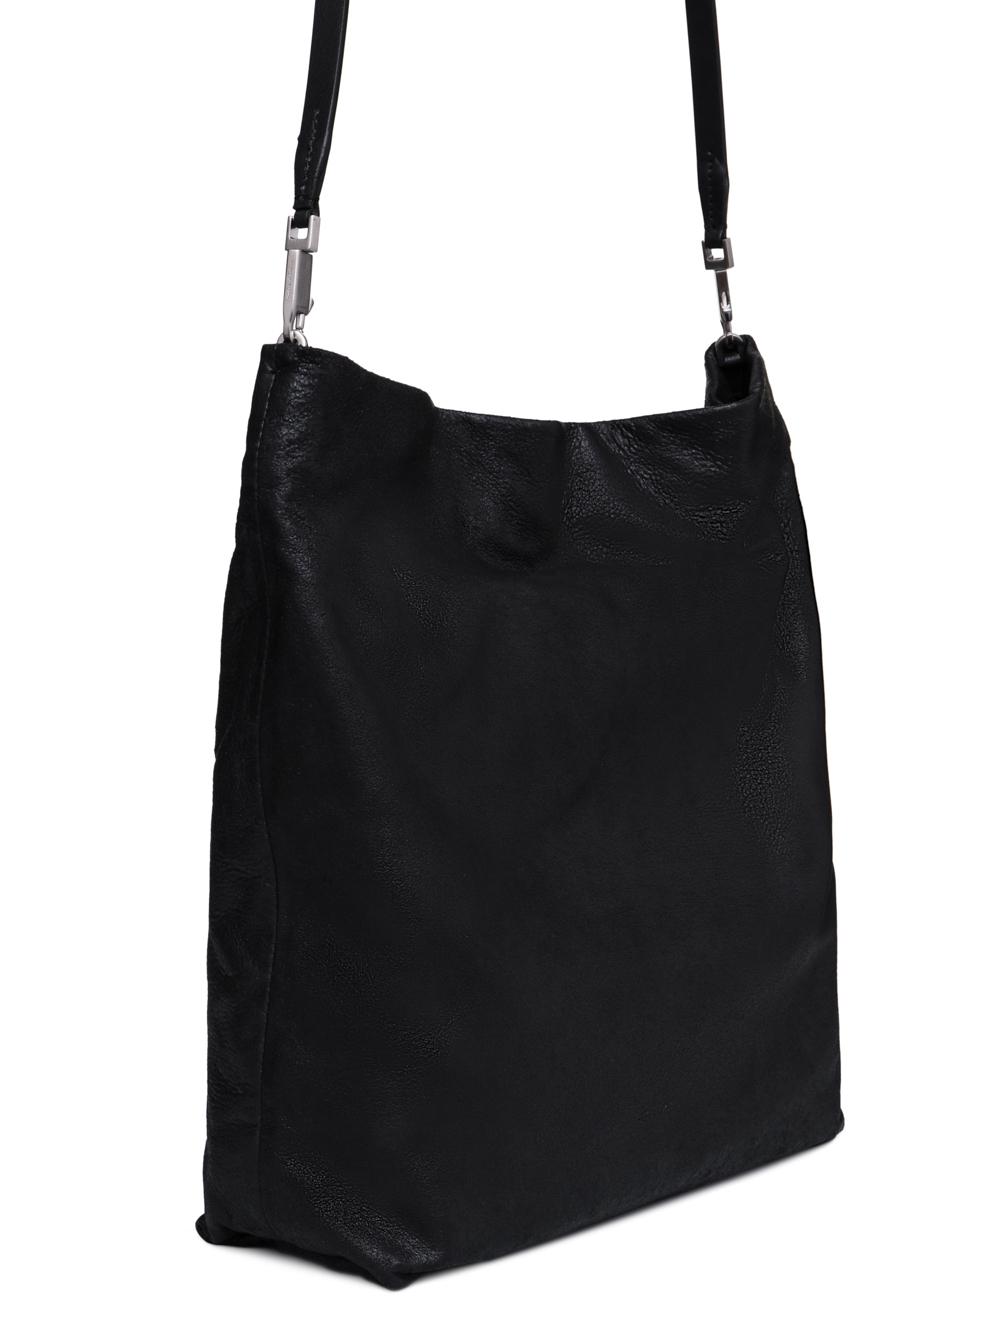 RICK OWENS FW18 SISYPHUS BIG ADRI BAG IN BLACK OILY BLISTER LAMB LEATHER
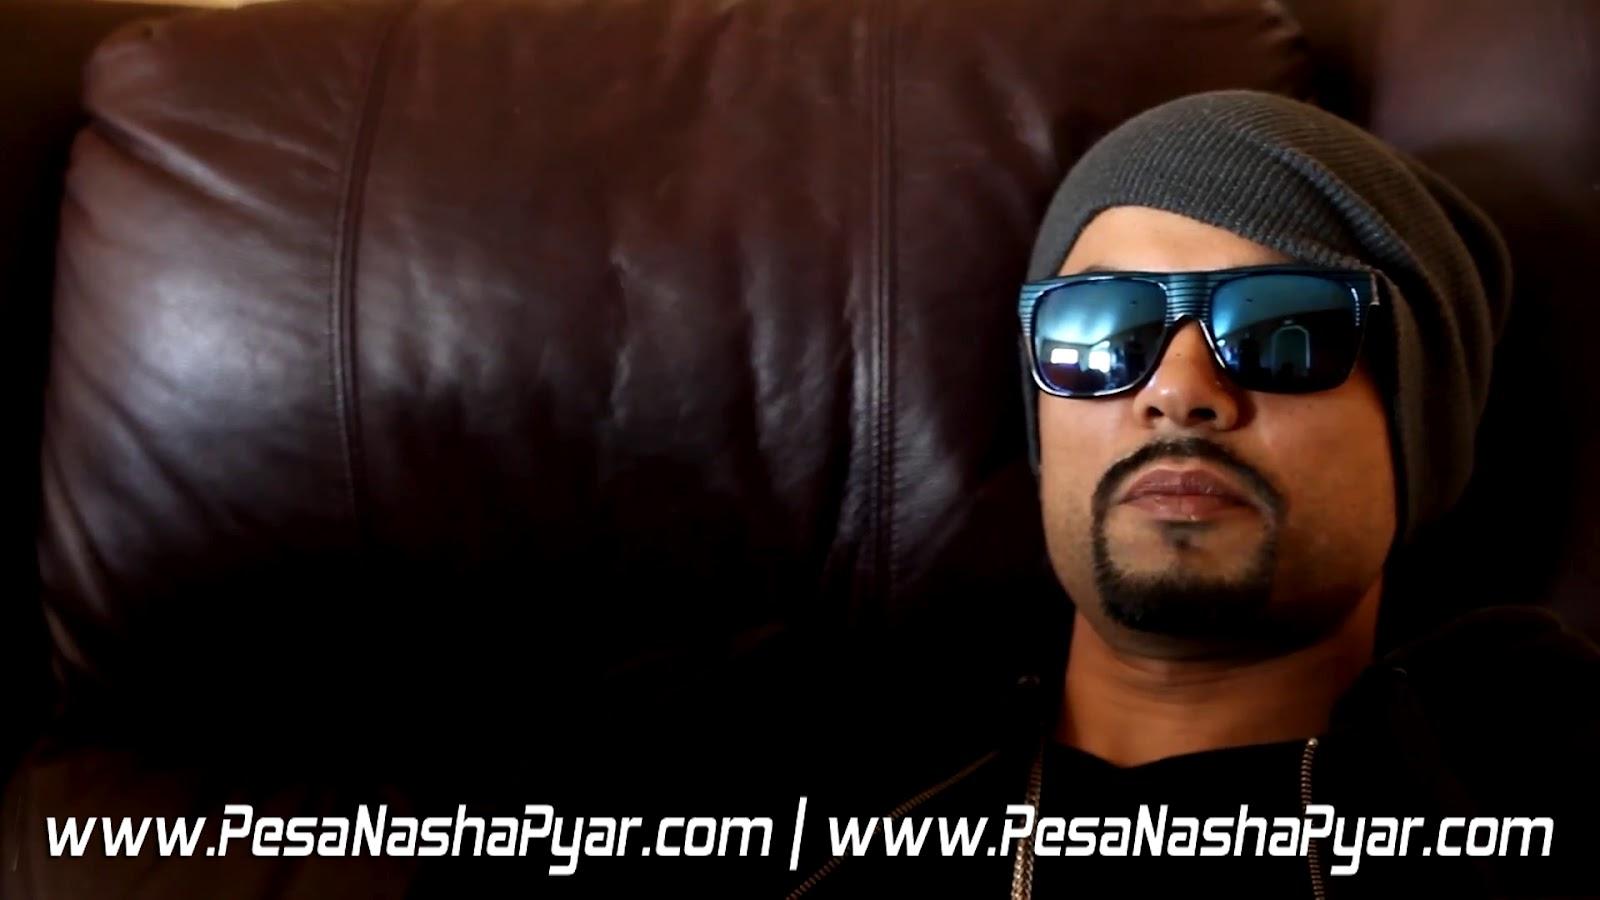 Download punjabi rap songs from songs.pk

* * *

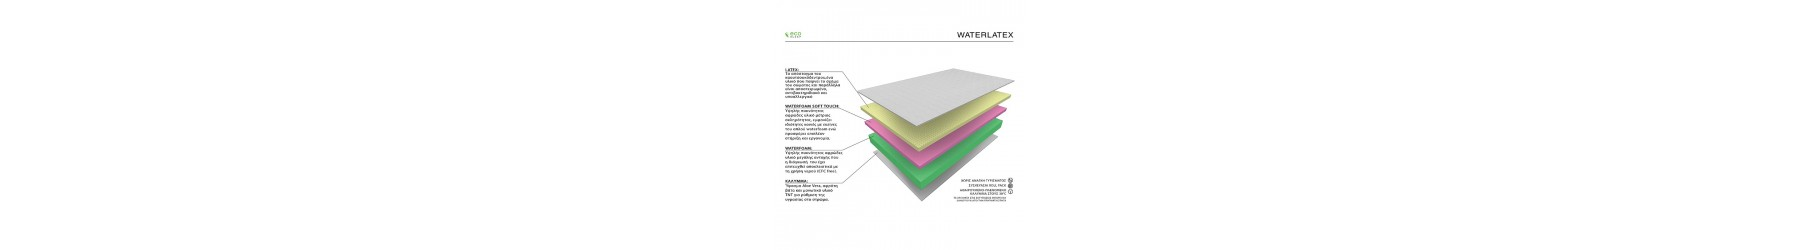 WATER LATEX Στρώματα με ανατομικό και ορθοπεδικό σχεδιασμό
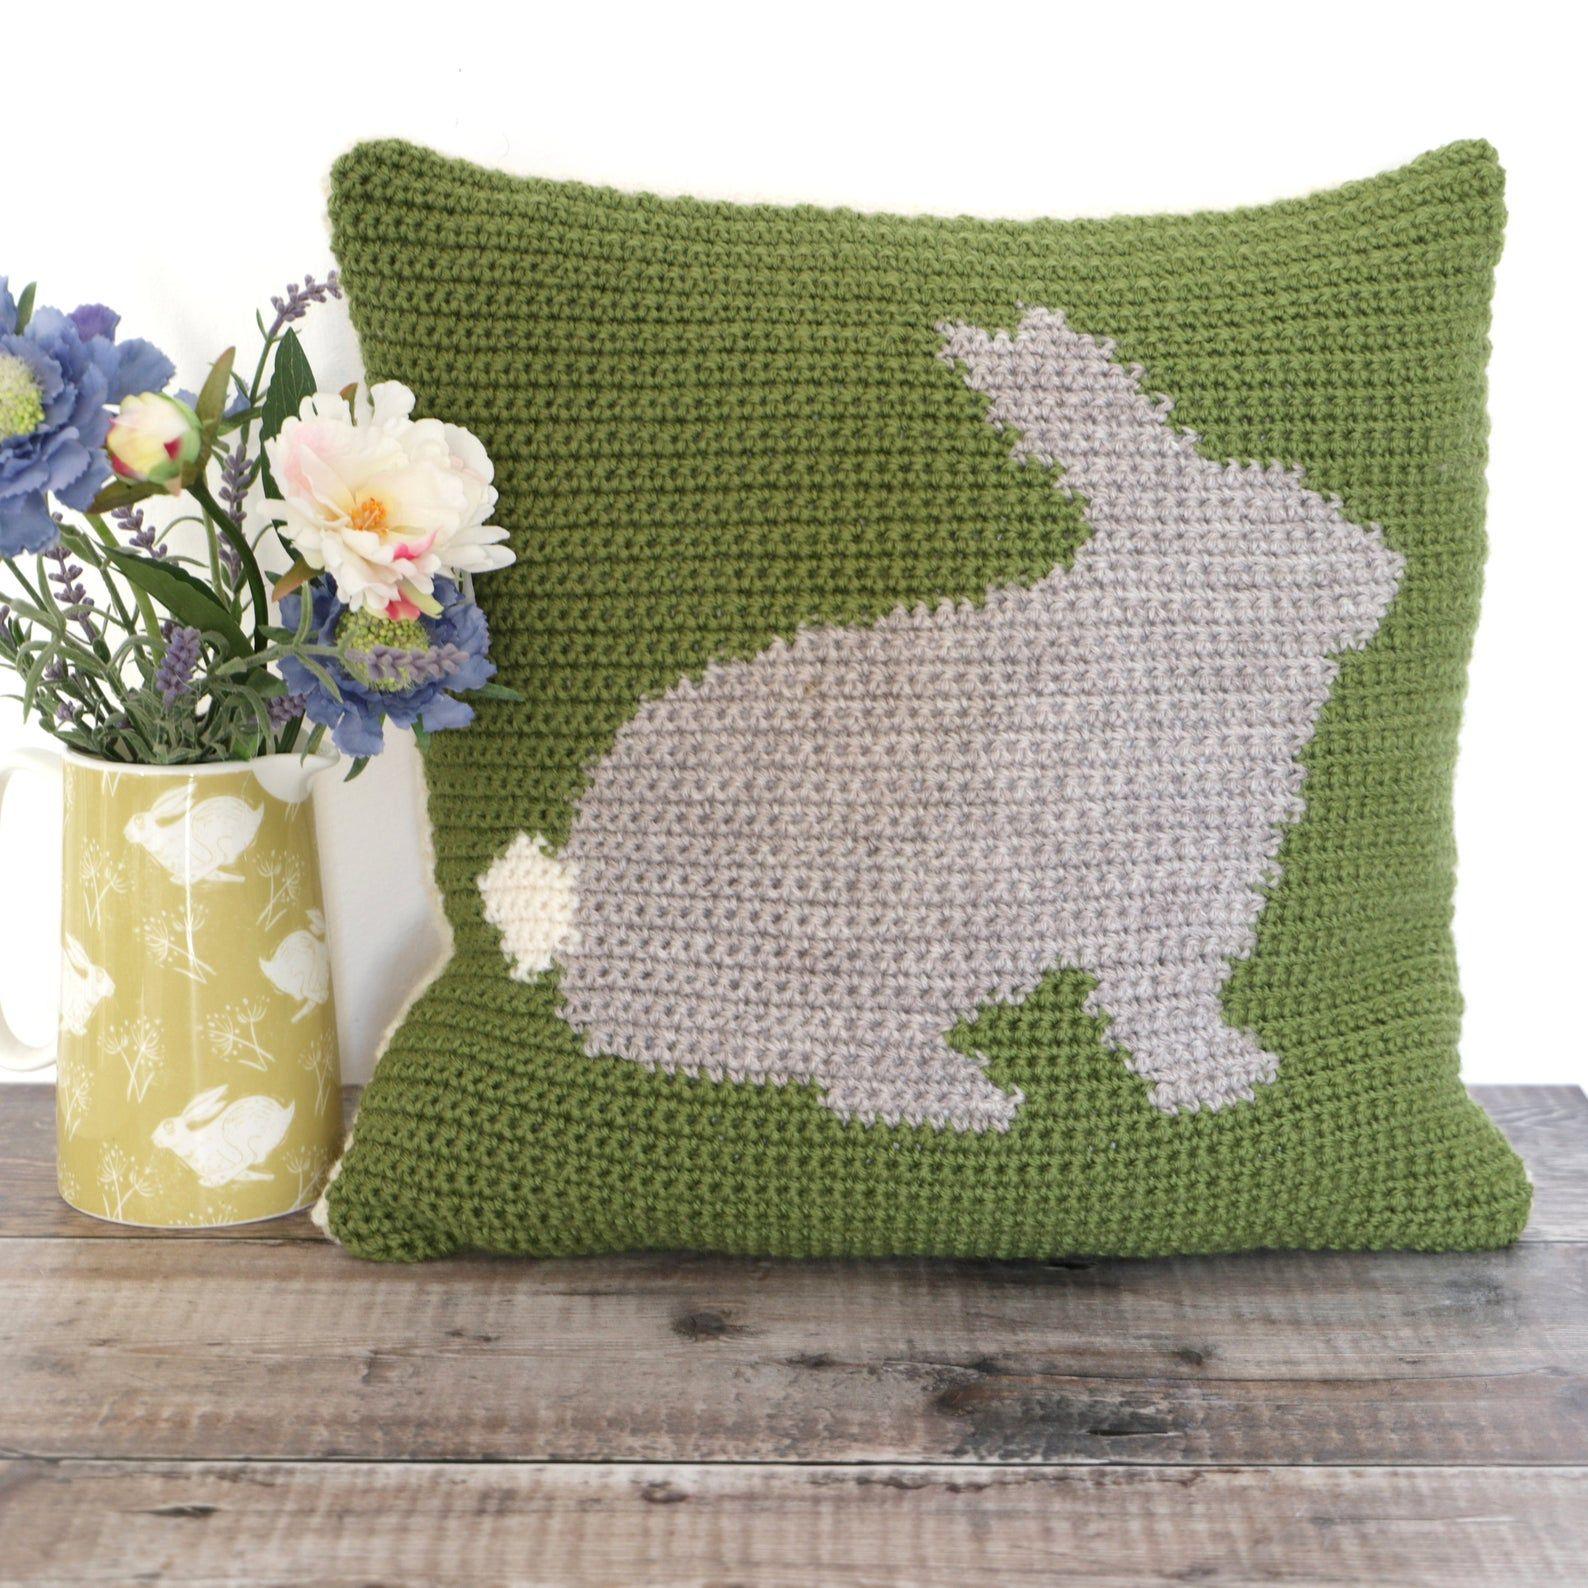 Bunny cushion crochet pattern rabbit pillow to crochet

* * *

What needs to be done: The line holding "WATER LATEX Στρώματα" starts the copy and the line holding "Bunny cushion crochet" ends it. Repeat those two lines above and all between them exactly, leaving out pictures.

Answer section:
 WATER LATEX Στρώματα με ανατομικό και ορθοπεδικό σχεδιασμό
 Bunny cushion crochet pattern rabbit pillow to crochet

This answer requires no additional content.